Industrial waste has flowed into the river soon after the catchment was settled. Photos from 1870 show the riverbanks cleared of vegetation. This may have been from the cutting of timber or because an engineer had encouraged the clearing of trees close to the river because when they fell into the river they dragged earth with them, creating an obstacle for steamers in an already narrow channel.

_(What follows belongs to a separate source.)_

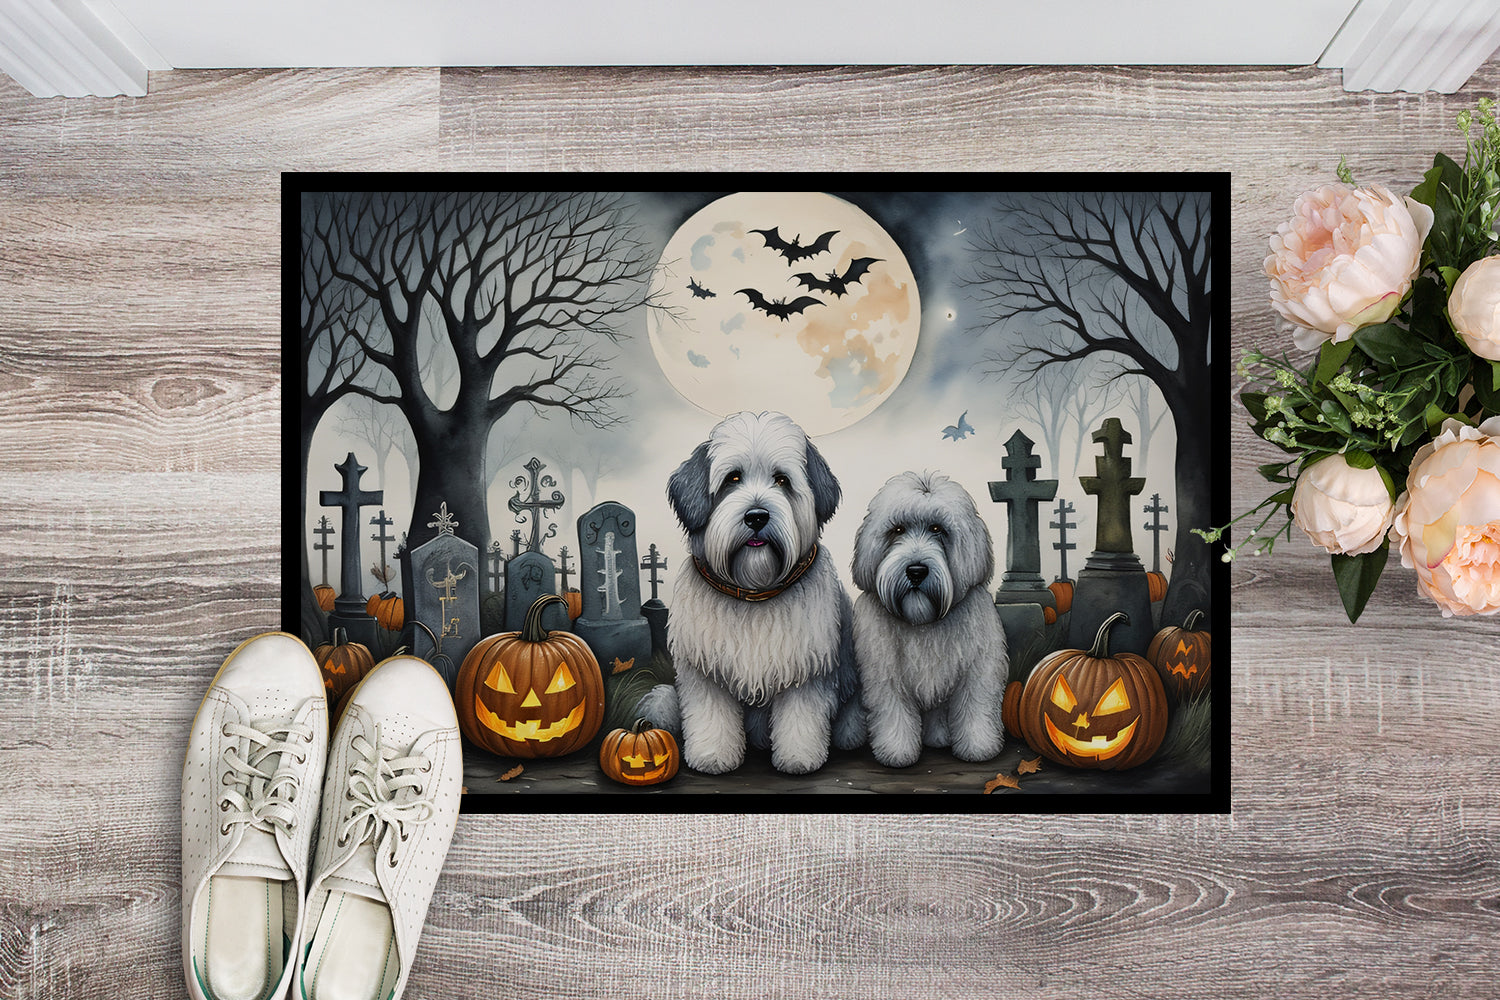 Old English Sheepdog Spooky Halloween Doormat 18x27

The slow-flowing river system is known to flood and is considered to be heavily polluted, suffering from poor water quality. The Bremer as a river suffers from low flows in drought conditions and outflow constrictions from the tidal , which means water and contaminants have a high residency period catchment and only really flush in high flows or floods. This results in poor water quality with high levels of turbidity, high nutrient levels and high levels of bacteria, especially where sewage and drain runoff from the city of Ipswich is discharged into the river.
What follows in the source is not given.